**EXERCISE GOAL**
Your task is to transcribe exactly, and only, the lines running from the one with "zaa-302♪運動器疾患の評価と理学療法 単行本 2003/12/21" to the end of the listing below, inclusive, with every picture left out.

**RECORDED INFORMATION**
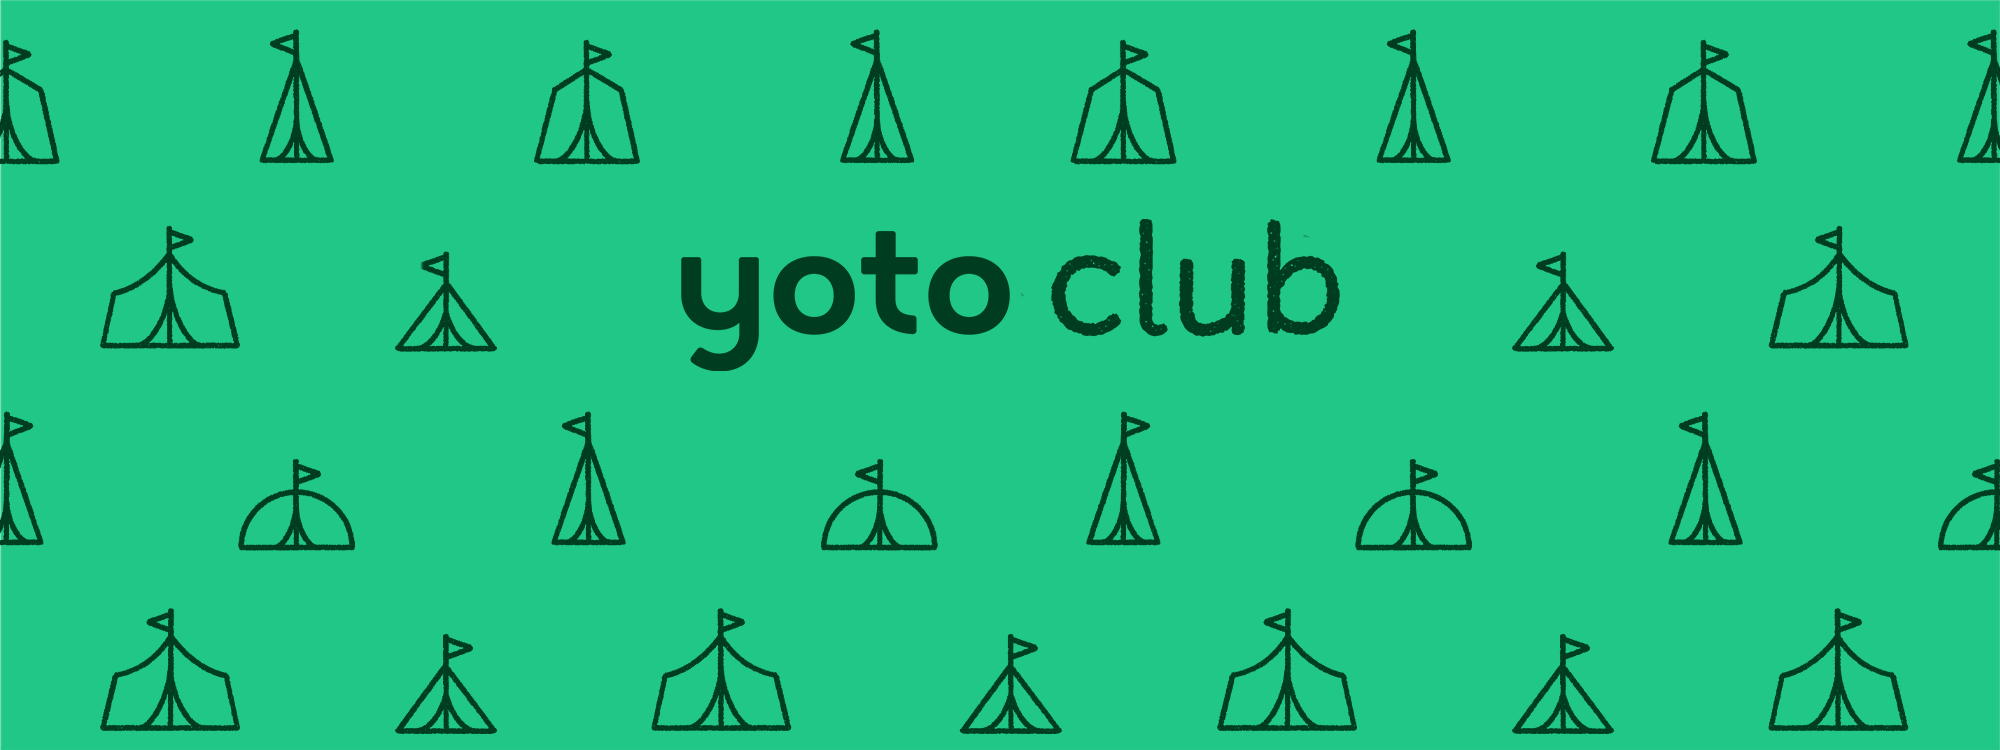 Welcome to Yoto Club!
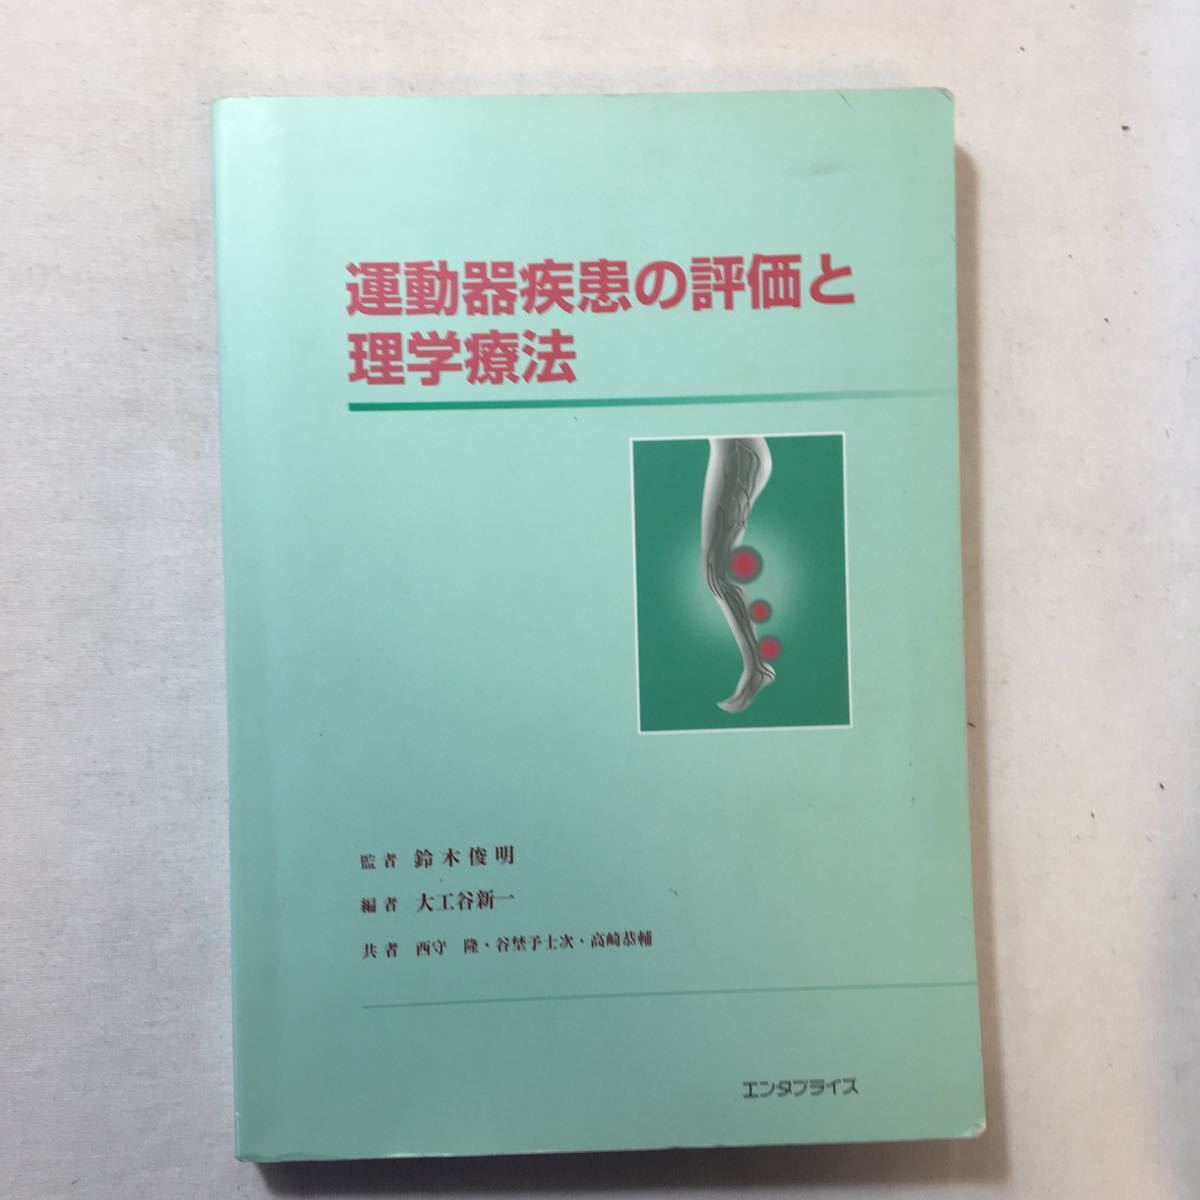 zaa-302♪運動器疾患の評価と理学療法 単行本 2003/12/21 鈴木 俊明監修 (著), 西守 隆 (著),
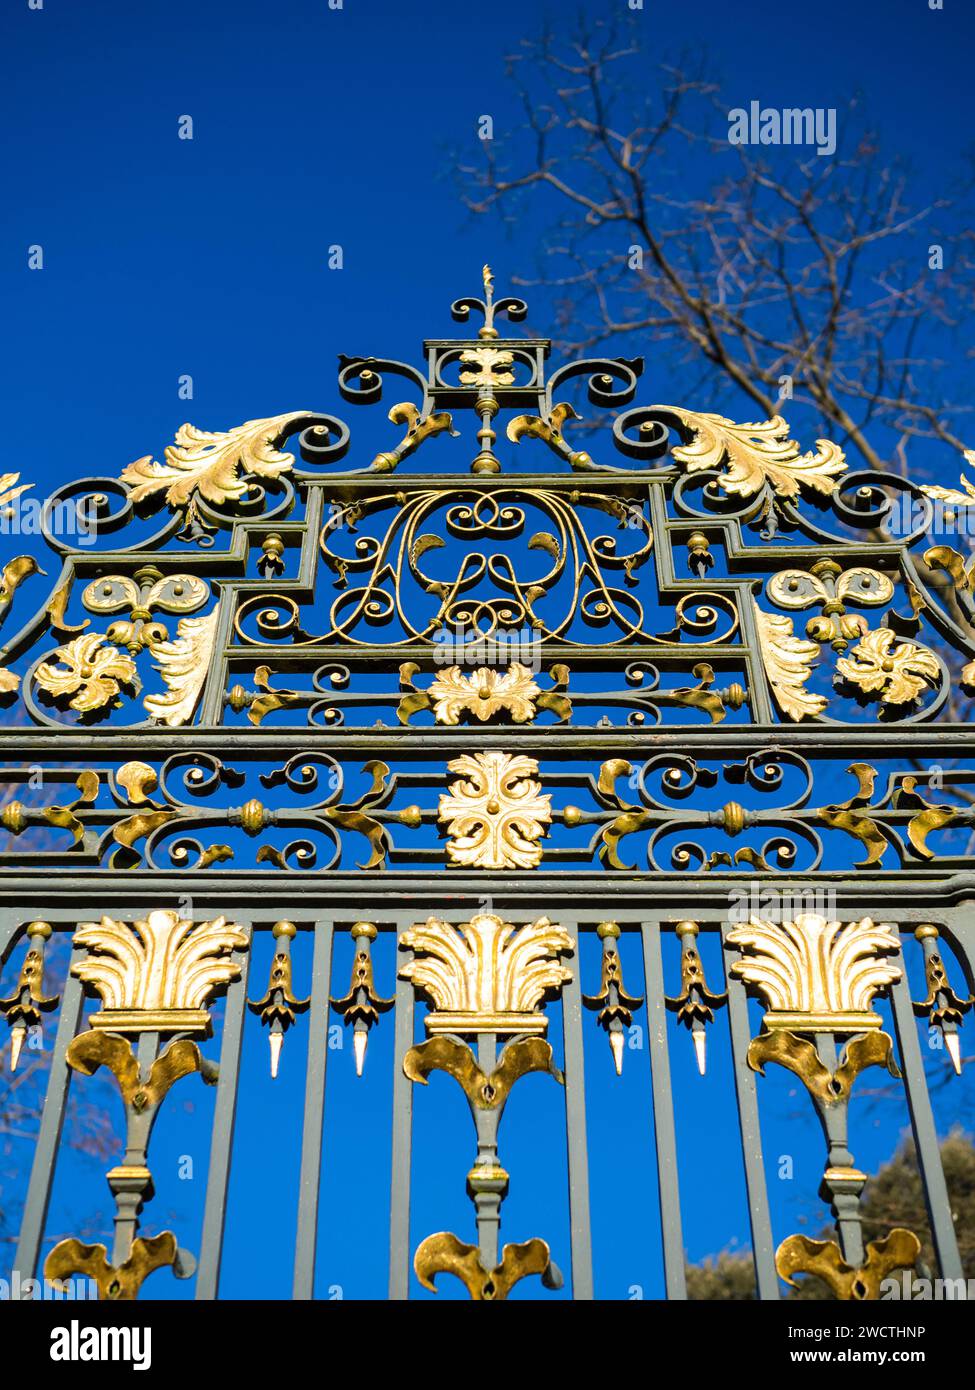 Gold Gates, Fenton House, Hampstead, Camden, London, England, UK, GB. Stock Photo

**TASK RESPONSE**
 zaa-302♪運動器疾患の評価と理学療法 単行本 2003/12/21 鈴木 俊明監修 (著), 西守 隆 (著),
 Gold Gates, Fenton House, Hampstead, Camden, London, England, UK, GB. Stock Photo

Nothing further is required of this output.